Saturday, June 18, 2011

Behold the Rising Tide


Some turning point, whether it was the June 15th big moon event, or just some switch of summer that turned the faucet to hot and hell yeah, everything's been a little better lately, a little more golden. The work on the novel is moving along, and so as a reward, I took myself and my ma to the beach. I found a note I wrote to myself in my novel notebook that said, "Stay brave & open." Ok.
This guy snuck up on us. I defeated him and then put him in my pocket.

Limantour Beach (by Point Reyes Station) was 74 degrees and poetry-worthy weather.
I like grass.

All the real green grass of the real world was real pretty.

The day made me think of Robert Hass, one of my favorite poets, and his poem, "Interrupted Meditation" that ends this way.
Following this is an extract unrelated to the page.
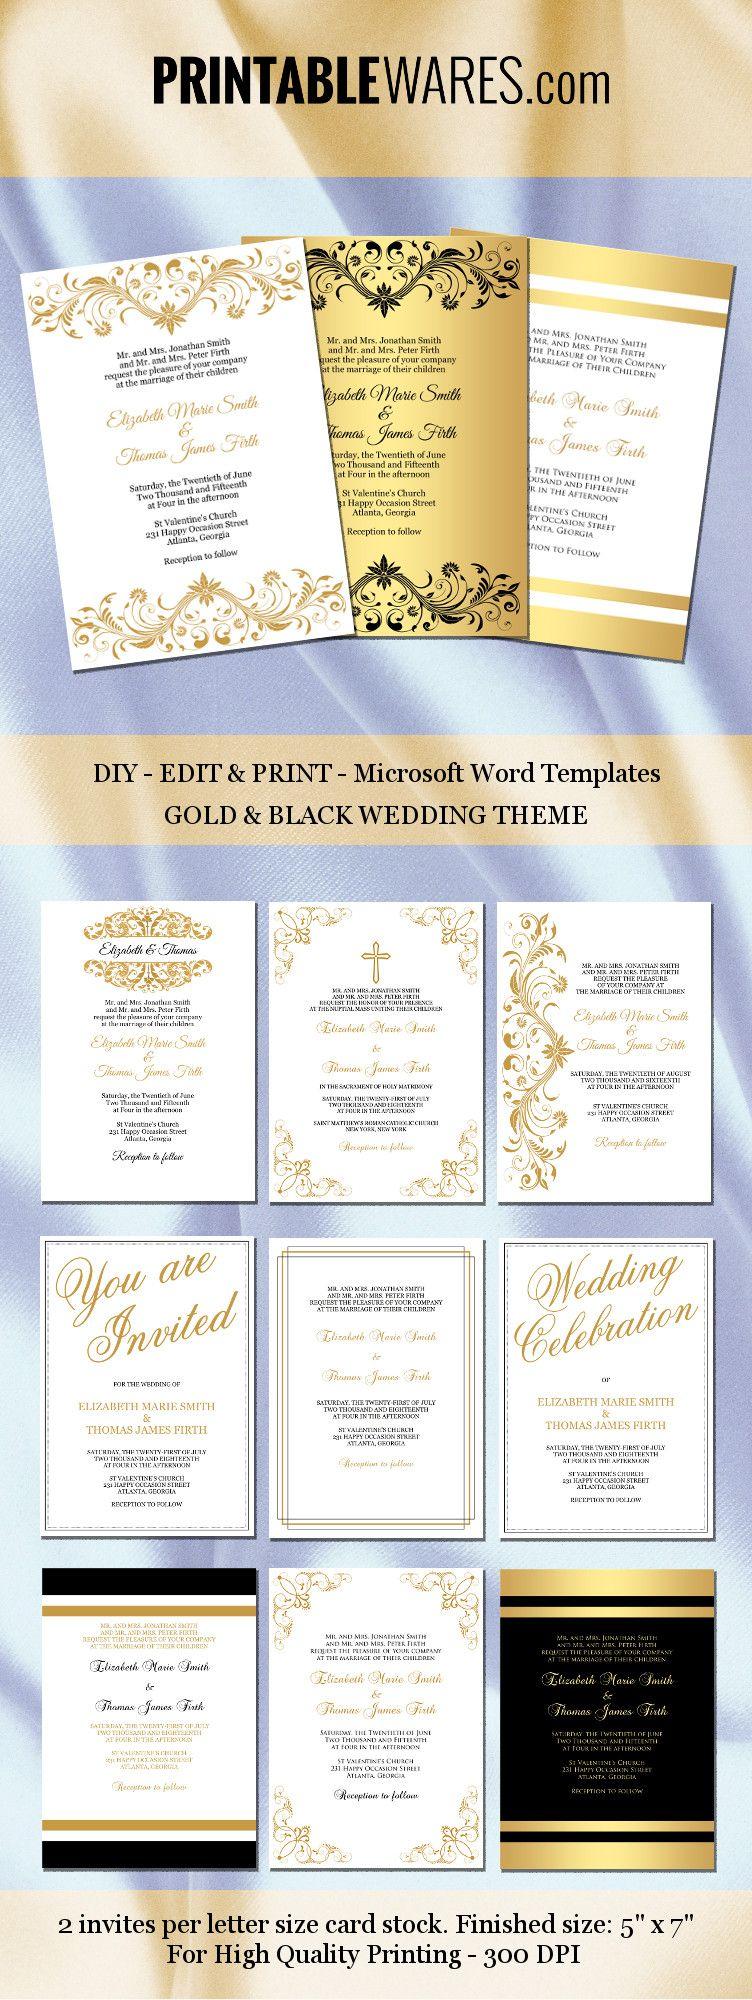 Gold and black wedding invitation templates for Microsoft Word Printable & editable Boda

"Everyone their own devastation. Each on its own scale.
I don't know what the key opens. I know we die,
and don’t know what is at the end. We don’t behave well.
And there are monsters out there, and millions of others
to carry out their orders. We live half our lives
in fantasy, and words. This morning I am pretending
to be walking down the mountain in the heat.
A vault of blue sky, traildust, the sweet medicinal
scent of mountain grasses, and at trailside—
I'm a little ashamed that I want to end this poem
singing, but I want to end this poem singing—the wooly
closed-down buds of the sunflower to which, in English,
someone gave the name, sometime, of pearly everlasting."

Tuesday, June 14, 2011

Golden State

I returned home from Southern California where we moved my grandparents into a new apartment. It was boxes and lifting and sorting and pictures and stories and stories and stories. Stiff upper lips and long lungful sighs. After a nine hour drive with my Ma to my favorite county, I tried to return to my writing desk (a kitchen table that looks out on the oaks, with one particular finch that looks in on me). But, the brain kept swirling. And so I went for a walk in the valley. Made some big wishes for some good things. I made some wishes for you, too.
The fish looked thick and fat in Lake Sutton. And the summer boys and girls were out with their bright striped towels, fishing poles, dirt bikes, and early summer crushes on one another. They nodded sweetly as I went passed and I noticed I was no longer one of them.
The rattlesnake grass is sneaky on the hillside and you can hear its yellow tremble in the wind. There are so many things to love in this world. Oh, how to balance this living and dying we do. How to be quiet long enough to hear yourself breathe, and how to foster that long loud echo inside of you that keeps returning and returning the world.